The Pieces of You: Understanding Trauma and the Self

This guide is here to help you understand how trauma can affect your sense of self, emotions, and behaviours. Many clients find it hard to put into words what they’ve experienced or why they feel the way they do — this metaphor offers a way to begin making sense of that.

What Is Trauma, Really?

Trauma is a word many of us are now familiar with. It’s part of our mainstream language in a way that would have been unthinkable a generation ago. But what is trauma — and how does it shape who we become?

The Broken Vase: A Metaphor for the Self

Imagine you are a vase. You can be any colour, shape, size, or pattern. The vase is uniquely you.

Now imagine that one day, that vase is knocked off a table or shelf, and it shatters. Depending on the height and force of the fall — and the surface it lands on — it may break into a few large pieces that can be glued back together, or it may smash into tiny fragments that feel impossible to repair. If you’ve ever broken a glass, you’ll know how small shards can show up weeks later in unexpected places.

That vase has suffered a trauma. Just as a broken leg is a physical trauma, your psyche — your mind and spirit — can also break. Depending on the force of the blow and how far you fall, your inner self can be left in scattered pieces.

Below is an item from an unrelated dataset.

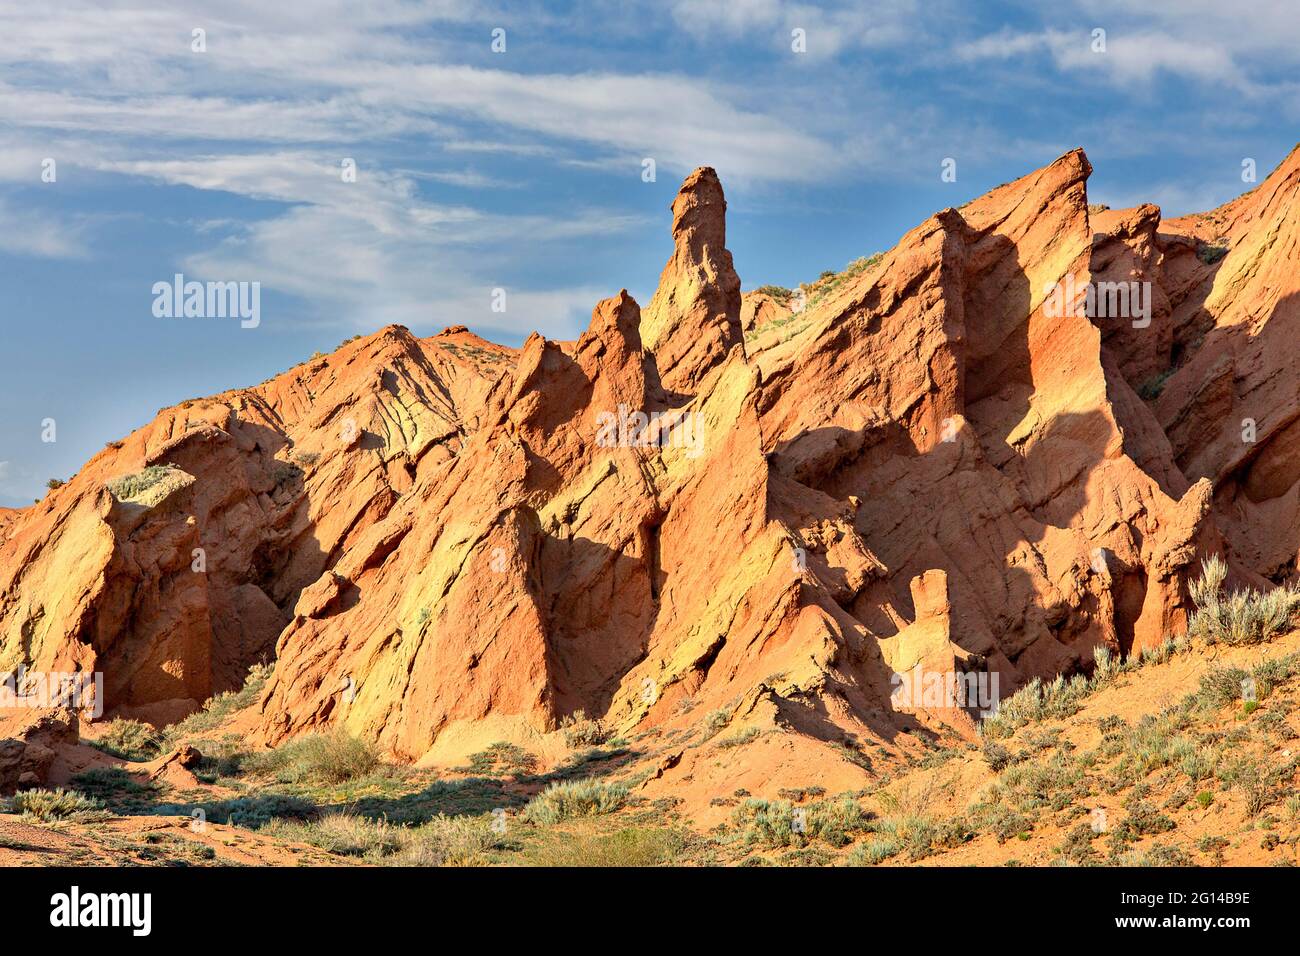 Formaciones rocosas rojas conocidas como el Castillo de Fairy Tale, en Kaji Say, Kirguistán Foto de stock

Big “T” and Small “t” Trauma

Some traumas are clear-cut and widely recognised. These are what we call Big “T” traumas — singular, life-altering events such as natural disasters, violent attacks, or the sudden loss of a loved one. They are obvious breaks in the structure of our lives.

But not all trauma looks like this.

Some are quieter and harder to name. These are small “t” traumas — subtle, chronic experiences that often occur in childhood, before we’re fully conscious of what’s happening. These are the moments that quietly broke us. They often unfold in environments that were meant to be safe and nurturing: family, home, school.

When trauma happens in relationships, it tends to repeat. We don’t always realise it’s harmed us, because we were told it wasn’t a big deal, that we were too sensitive, or — most commonly — it was never spoken about at all. It became the background noise of our everyday lives.

So we suppress the experience, along with the feelings attached to it. Over time, we begin to build a sense of self around the trauma.

Losing Ourselves in the Pieces

Unlike isolated events, relational trauma often happens over and over again. Each time our vase smashes, it breaks into smaller and smaller pieces. Eventually, those pieces become tangled with parts of other people’s vases — parents, siblings, teachers, partners.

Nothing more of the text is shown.